= Working Assets =

American corporation

Working Assets is a corporation in the United States founded in 1985 by Peter Barnes.

Working Assets' first product was the Better World Credit Card. After the United States deregulated telephone service, the company introduced Working Assets Long Distance in 1991. A unionization effort in 1995 was strongly resisted by the management of Working Assets. Soon after the union contract went through, the call center group was sold to Michael Ansara's Share Group. In 2001, Share opened a call center in Canada and all San Francisco based union members were laid off. In 2000, it also became a mobile virtual network operator, operating as Working Assets Wireless.

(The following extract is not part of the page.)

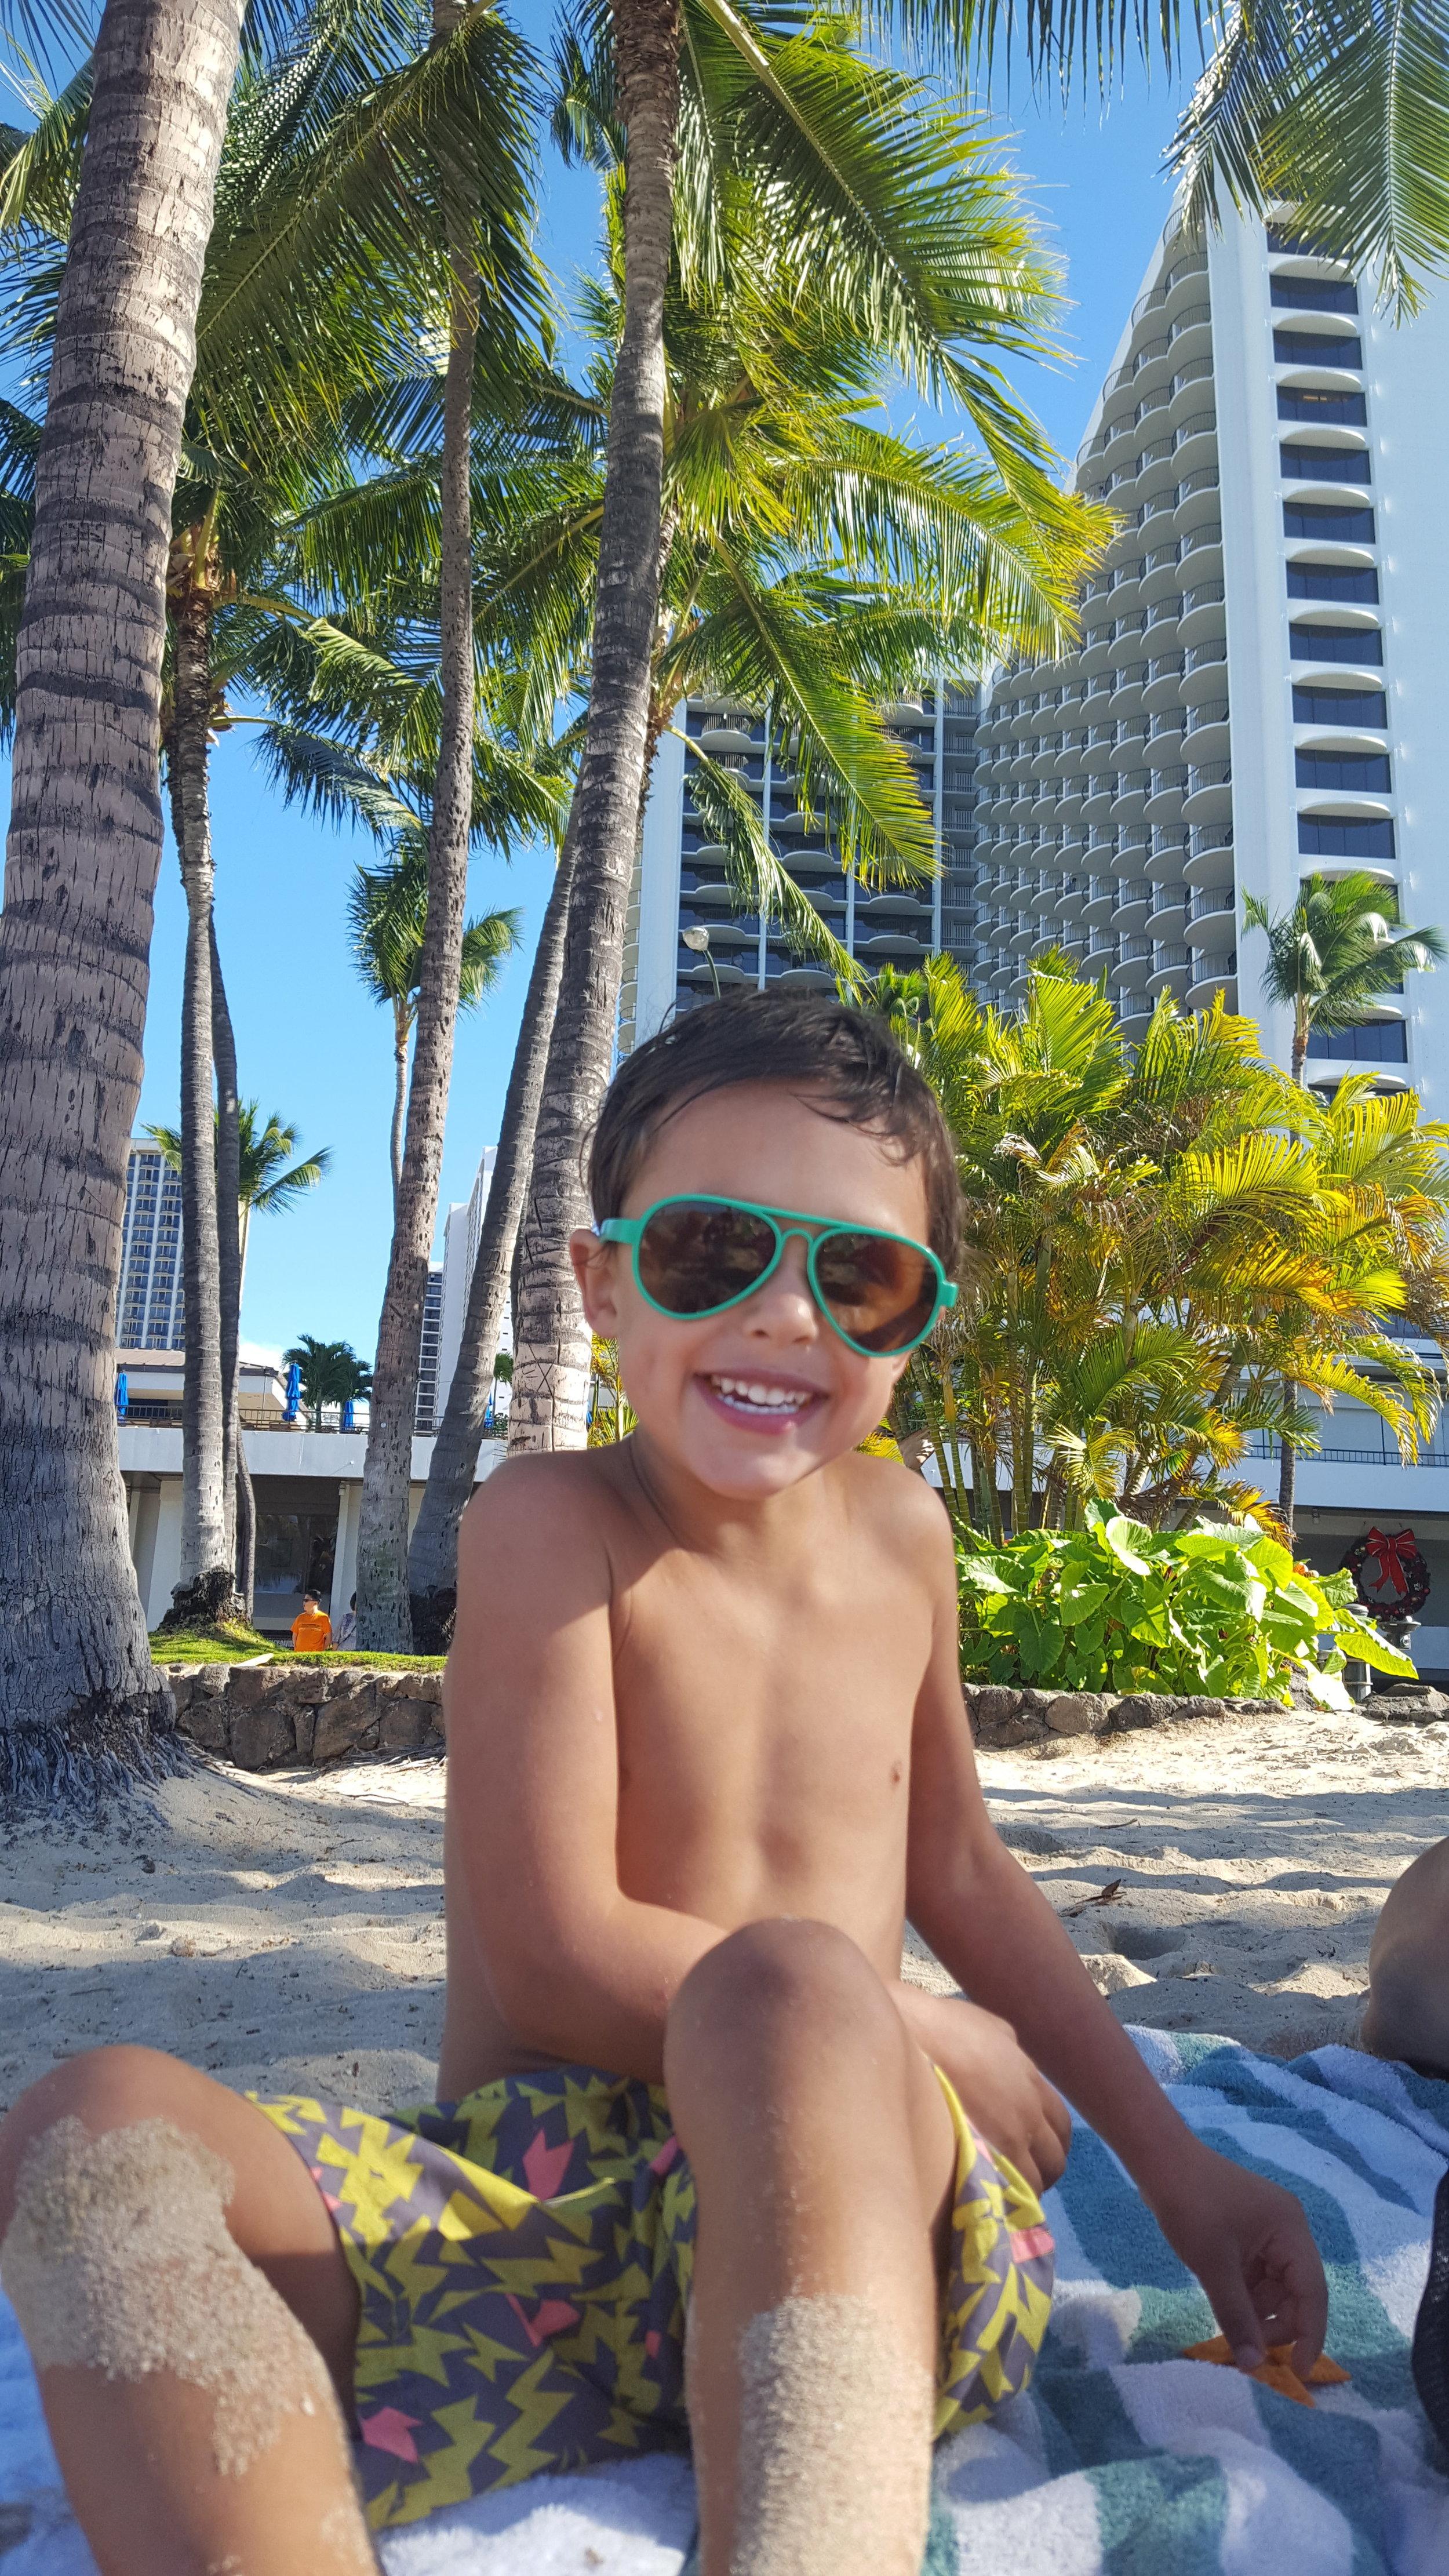 Bennett on Waikiki Beach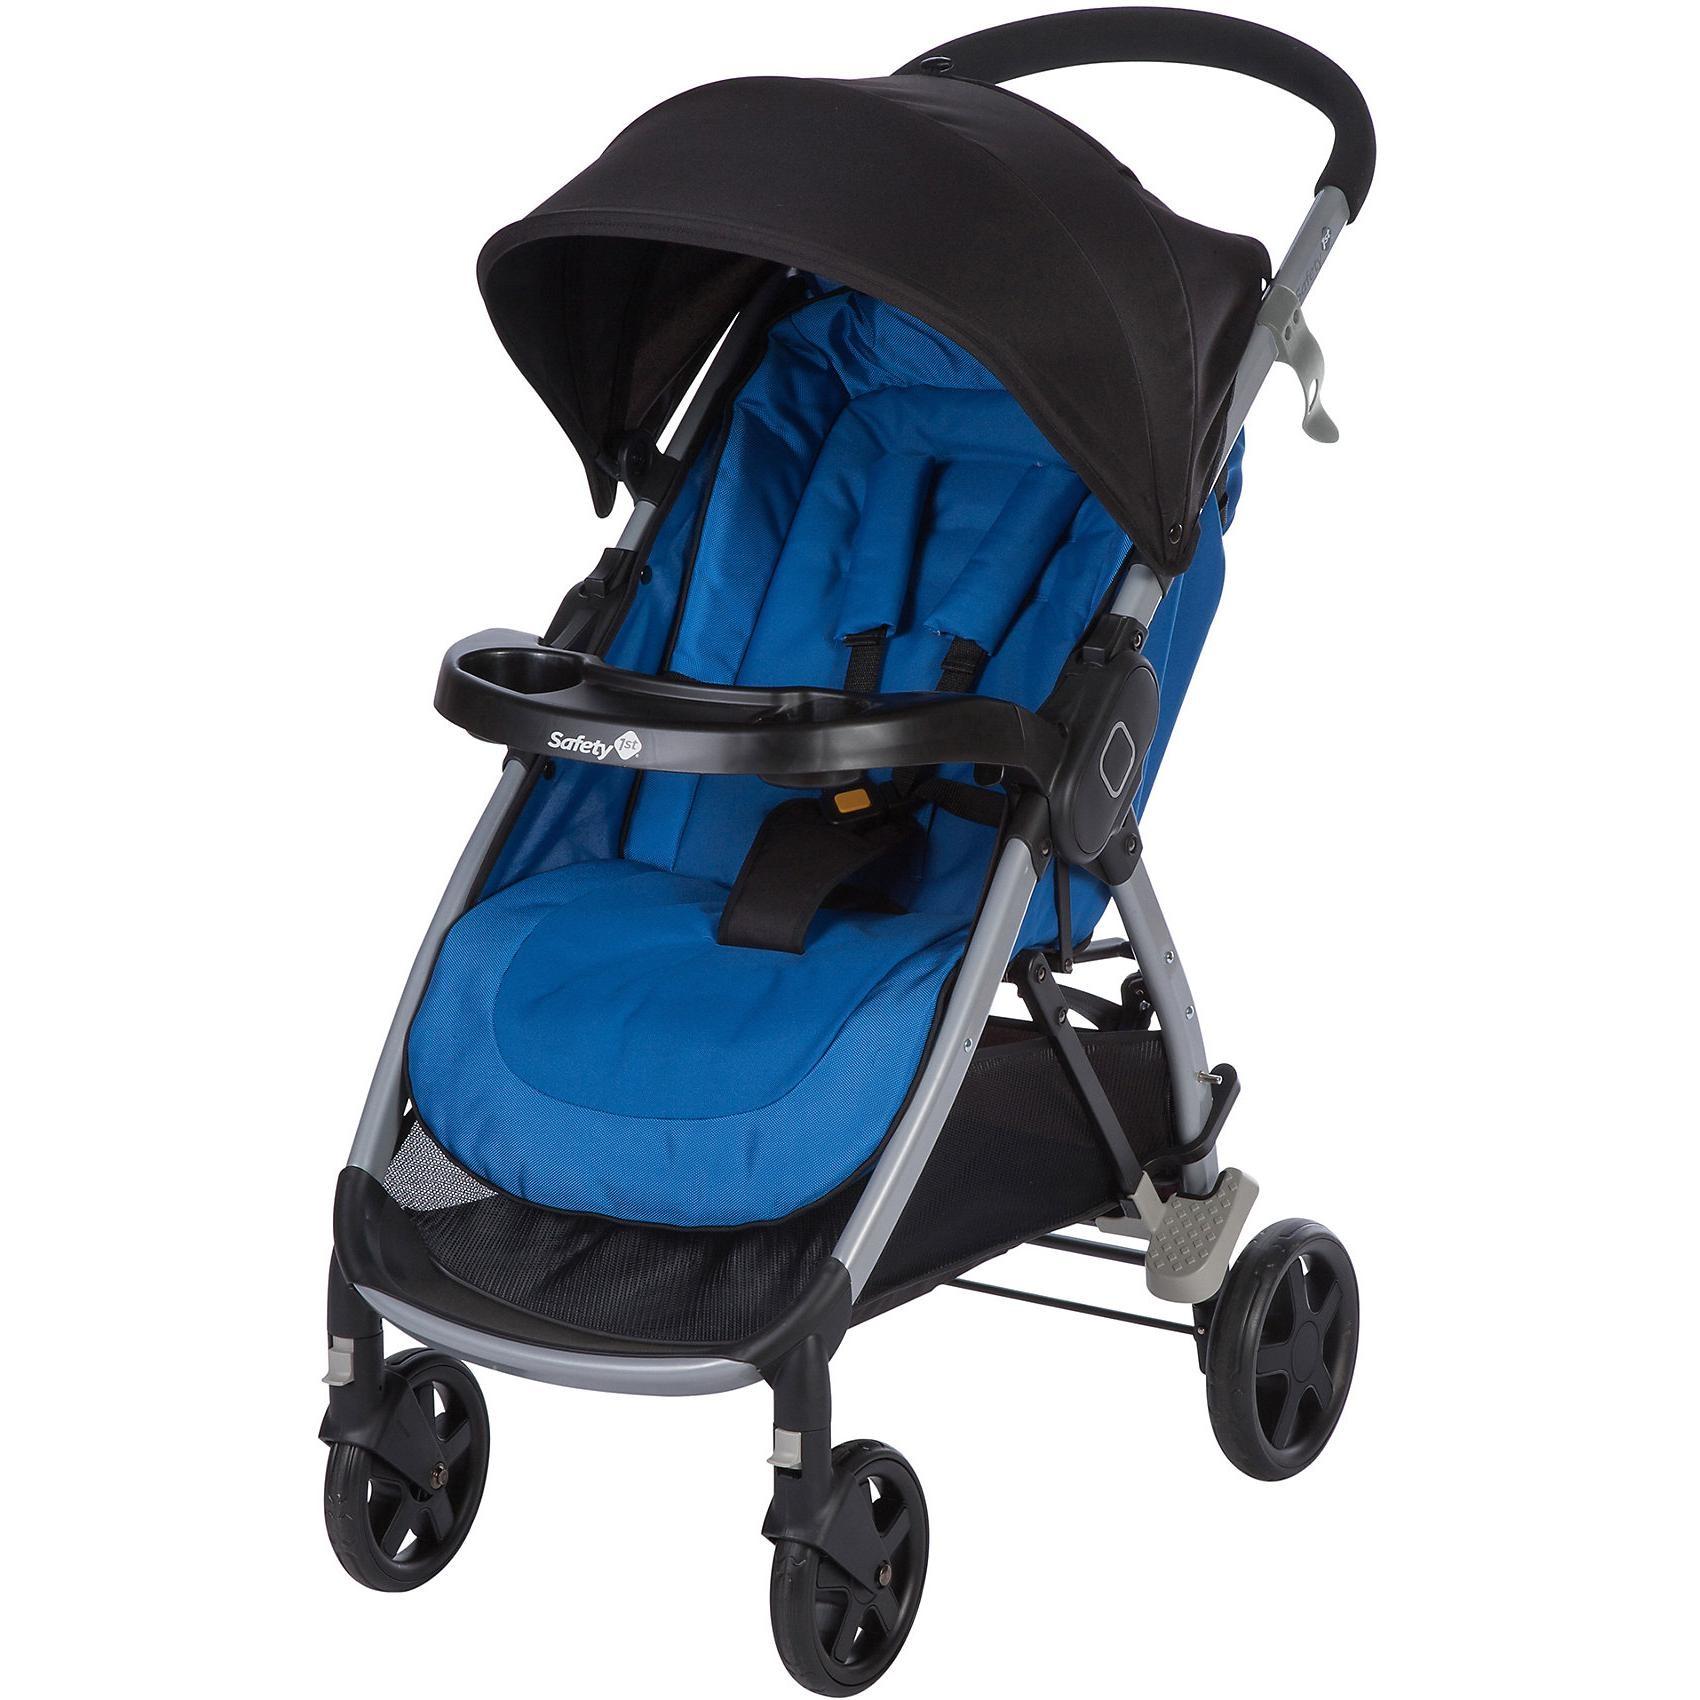 Safety 1st Buggy Step Go Baleine Blue 2018

The company renamed this division to CREDO Mobile in November 2007. In May 2006, Working Assets Publishing launched with the release of Glenn Greenwald's book, How Would a Patriot Act?

According to its website, Working Assets has raised more than $83 million for progressive nonprofit organizations since its inception, such as news site Democracy Now! as well as others such as Greenpeace and Planned Parenthood. It has also partnered with other organizations on projects such as Leave My Child Alone, with Mainstreet Moms and Acorn.

October 2016, Ray Morris became Credo's CEO. The company stopped collecting donations from individual Credo customers and instead, made periodic corporate donations to liberal causes. January 2020, Credo ended all direct activism campaigns.

Credo Mobile was purchased by B. Riley Principal Investments September 2021. Five months later, the Working Assets credit card division was evidently sold to Bank of America. Working Assets credit card holders were not notified but, as of May 2022, make payments directly to Bank of America. Credo provides no information or customer service for Working Assets credit card holders. (Call center agents are available for Credo Mobile customers.)

In a notice dated April 12, 2023, Bank of America notified the Working Assets cardholders that their card would now become "Bank of America Customized Cash Rewards" credit card.